New Strategy Targets Rare B Cells for Effective HIV Vaccine Development
A recent study published in Nature Immunology has shown promising results using germline-targeting epitope scaffold nanoparticles to elicit rare broadly neutralizing antibody (bnAb) precursors against HIV.
Background
To achieve broad vaccination protection against diverse viruses like HIV, beta coronaviruses, hepatitis C, and influenza, bnAbs targeting conserved epitopes on variable membrane glycoproteins are essential. Although monoclonal bnAbs have been identified, strategies to elicit bnAbs with specific binding and genetic features are still needed.
Germline-targeting vaccine design aims to prime immunogens that stimulate responses from rare bnAb-precursor B cells with the necessary genetic features for bnAb development. Sequential boosting with immunogens similar to native glycoproteins can then guide B cell maturation to produce bnAbs targeting the desired epitope.
This approach has been demonstrated with VRC01-class bnAbs for the HIV envelope CD4-binding site in humans. However, most VRC01-class bnAbs interact dominantly through the heavy chain complementarity determining region 3 (HCDR3).
HCDR3-dominant bnAbs targeting the HIV envelope protein’s membrane-proximal external region (MPER) are crucial due to their high neutralization breadth, exemplified by bnAbs like DH511, LN01, and 10E8.
Study and Findings
In this study, researchers developed germline-targeting epitope scaffold nanoparticles to induce 10E8-class HCDR3-dominant bnAb-precursor responses. Initially, they optimized the epitope scaffold T117v2 in MPER for better performance.
Although T117v2 robustly bound to mature 10E8, it failed to bind other 10E8-class precursors identified through next-generation sequencing (NGS). To address this, the researchers developed immunogens based on T117v2, focusing on:
- Affinity towards 10E8 unmutated common ancestor (UCA) and NGS precursors,
- An affinity gradient for 10E8-class antibodies,
- Multivalent display on self-assembling nanoparticles,
- N-linked glycosylation sites to mitigate off-target responses.
Iterative optimization of T117v2 binding to 10E8 inferred germline, NGS precursors, and UCA resulted in a series of immunogens (10E8-GTs). These scaffolds were multimerized via fusion with self-assembling nanoparticles from hyper-thermophilic bacteria and included N-linked glycosylation sites to stabilize MPER in the 10E8-bound conformation.
Next, the researchers assessed the ability of a naïve B cell receptor (BCR) repertoire to respond to 10E8-GT immunogens. They found that 10E8-GT12, 10E8-GT10.1, and 10E8-GT9.2 bound to 0.7%, 0.8%, and 0.05% of naïve B cells from HIV-seronegative donors, respectively. A significant majority of these epitope scaffold-binding cells did not bind to 10E8 epitope-knockout versions of the constructs and were identified as epitope-specific BCRs.

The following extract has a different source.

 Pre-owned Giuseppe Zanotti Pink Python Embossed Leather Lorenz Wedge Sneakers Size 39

BCR sequencing showed that epitope-specific BCRs were enriched for long HCDR3s and the YxFW binding motif in HCDR3, compared to control datasets. 10E8-GT scaffolds were found to selectively engage with naïve BCRs featuring 10E8-class HCDR3s, binding them with affinities suitable for efficient B cell activation in vivo.

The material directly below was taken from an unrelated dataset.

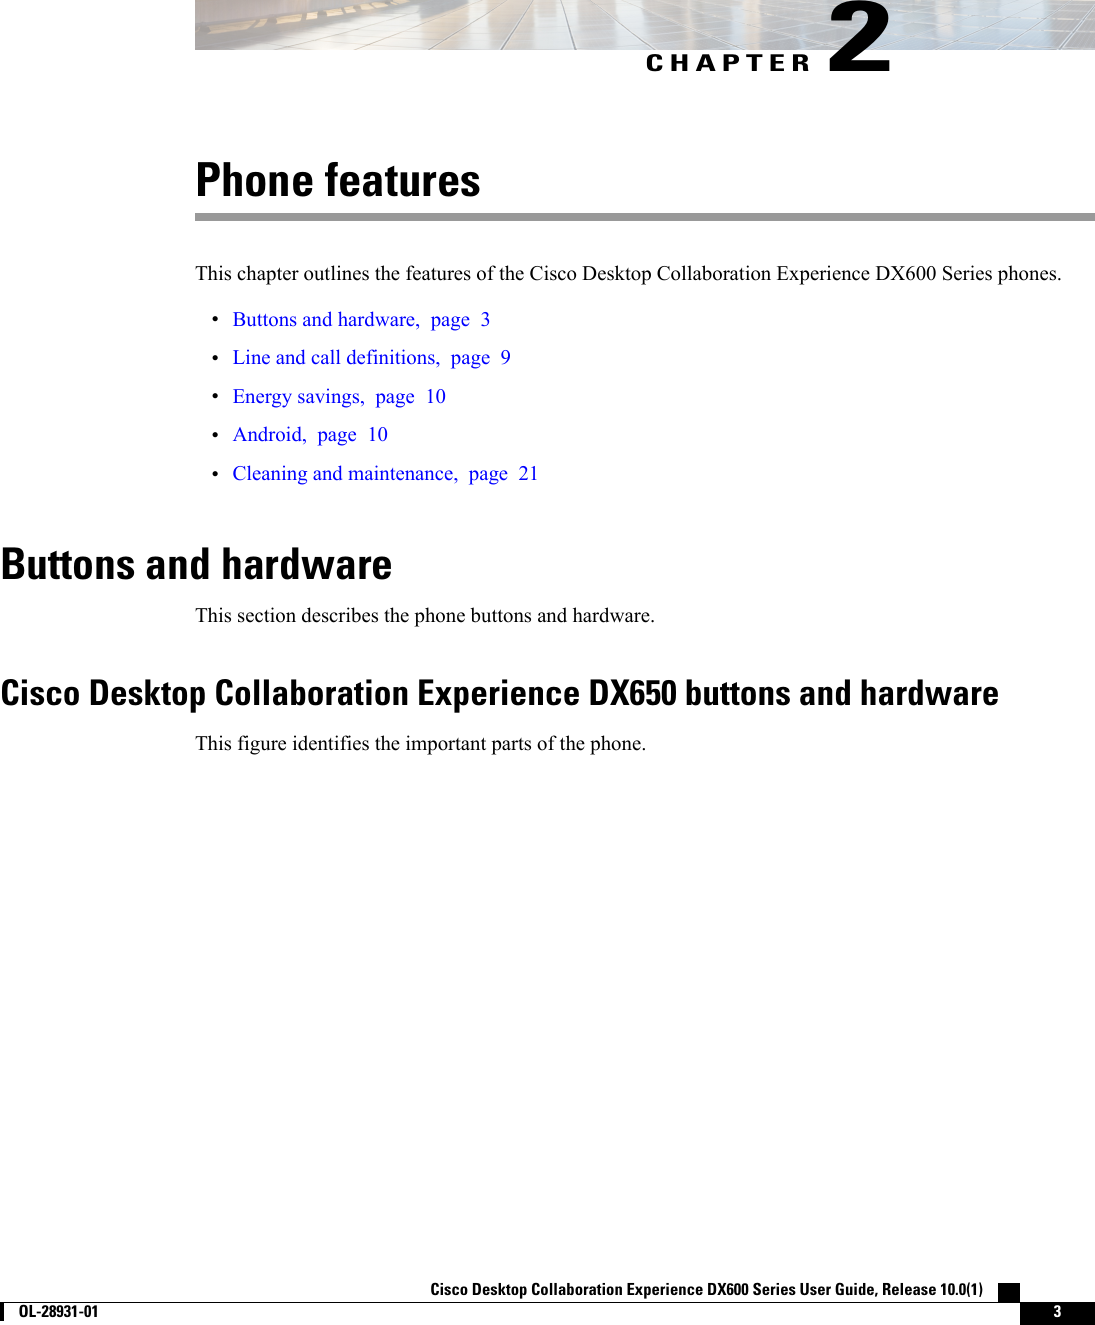 CHAPTER 2Phone featuresThis chapter outlines the features of the Cisco Desktop Collaboration Experience DX600 Series phones.•Buttons and hardware, page 3•Line and call definitions, page 9•Energy savings, page 10•Android, page 10•Cleaning and maintenance, page 21Buttons and hardwareThis section describes the phone buttons and hardware.Cisco Desktop Collaboration Experience DX650 buttons and hardwareThis figure identifies the important parts of the phone.Cisco Desktop Collaboration Experience DX600 Series User Guide, Release 10.0(1)        OL-28931-01 3

The researchers then tested whether 10E8-GT immunogens could elicit 10E8-class responses in mice with diverse 10E8-class precursors. Using hD3-3/JH6 mice, they found that all immunogens except the control induced 10E8-class HCDR3s, enriched for the YxFw motif and long HCDR3s.

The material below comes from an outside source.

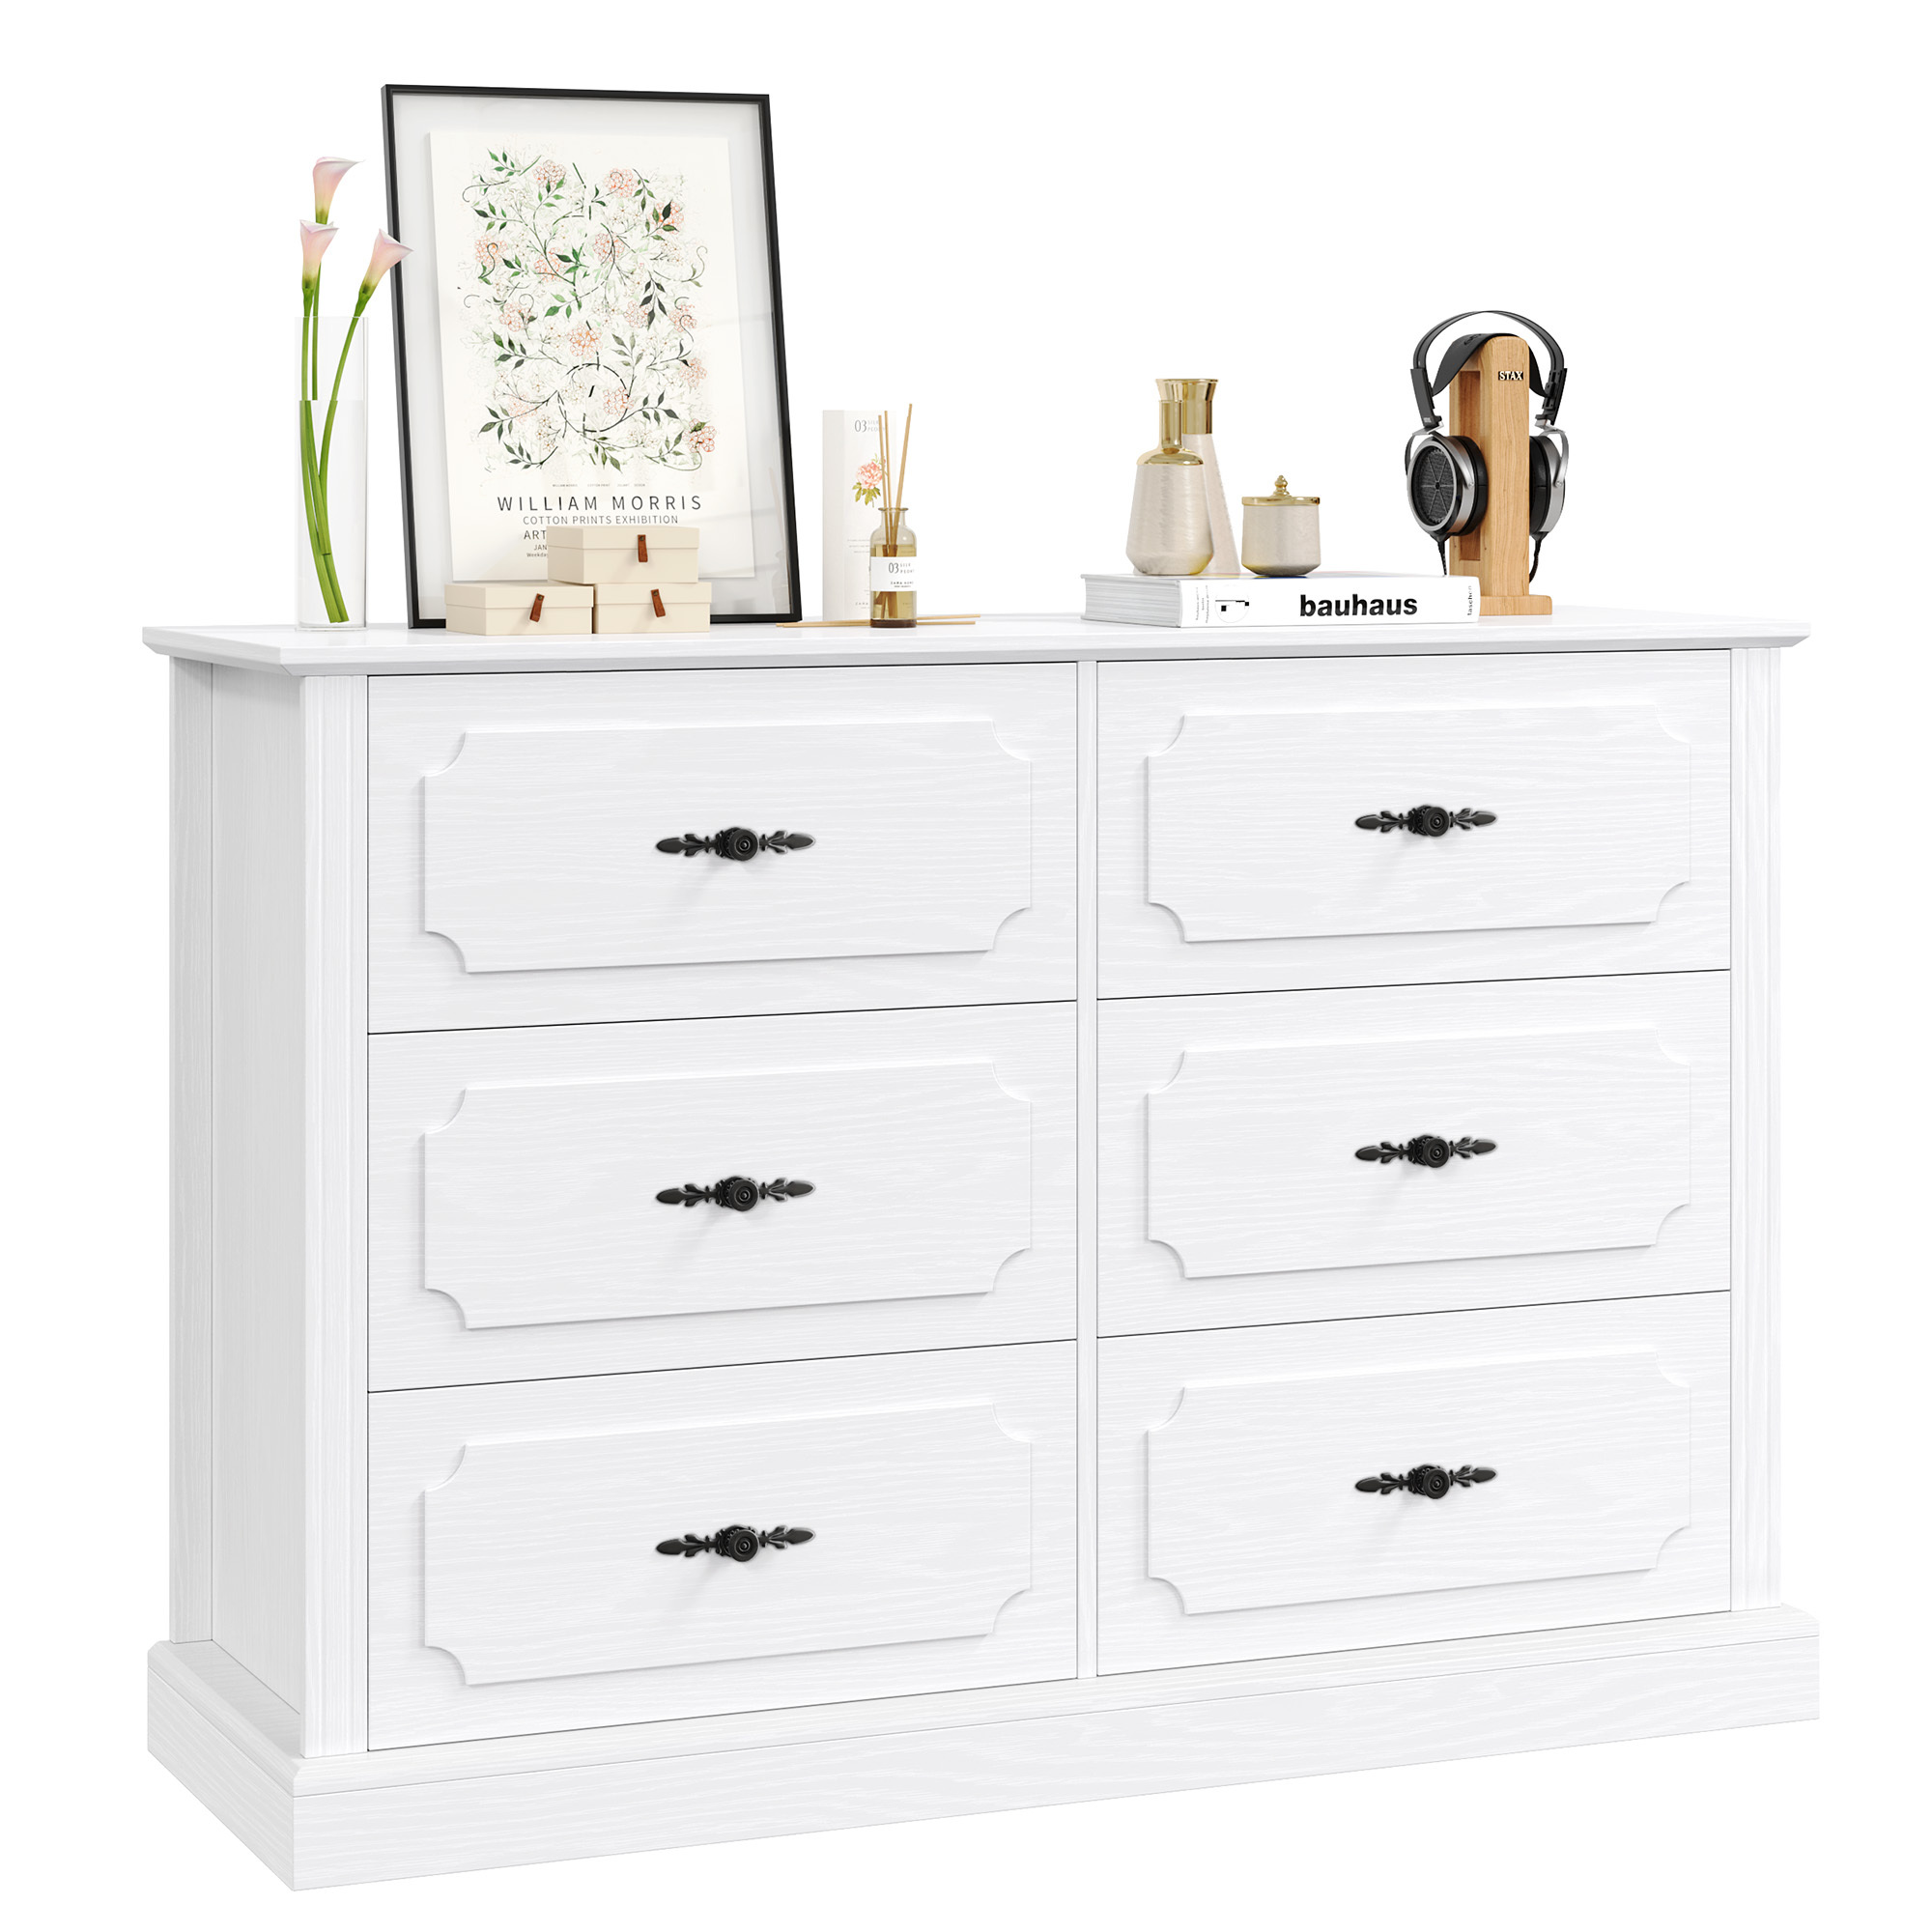 Homfa 6 Drawer White Double Dresser for Bedroom, Classic Wood Storage Cabinet for Living Room with Wide Top - image 3 of 7

Rhesus macaques immunized with 10E8-GT10.2 12mer and saponin/mono-phosphoryl lipid nanoparticles also showed promising results.
Conclusion
The study demonstrates a successful strategy to elicit rare bnAb precursors through germline-targeting epitope scaffold nanoparticles, marking a significant step towards an effective HIV vaccine. This approach has the potential to be applied to other viruses, advancing the development of broad-spectrum vaccines.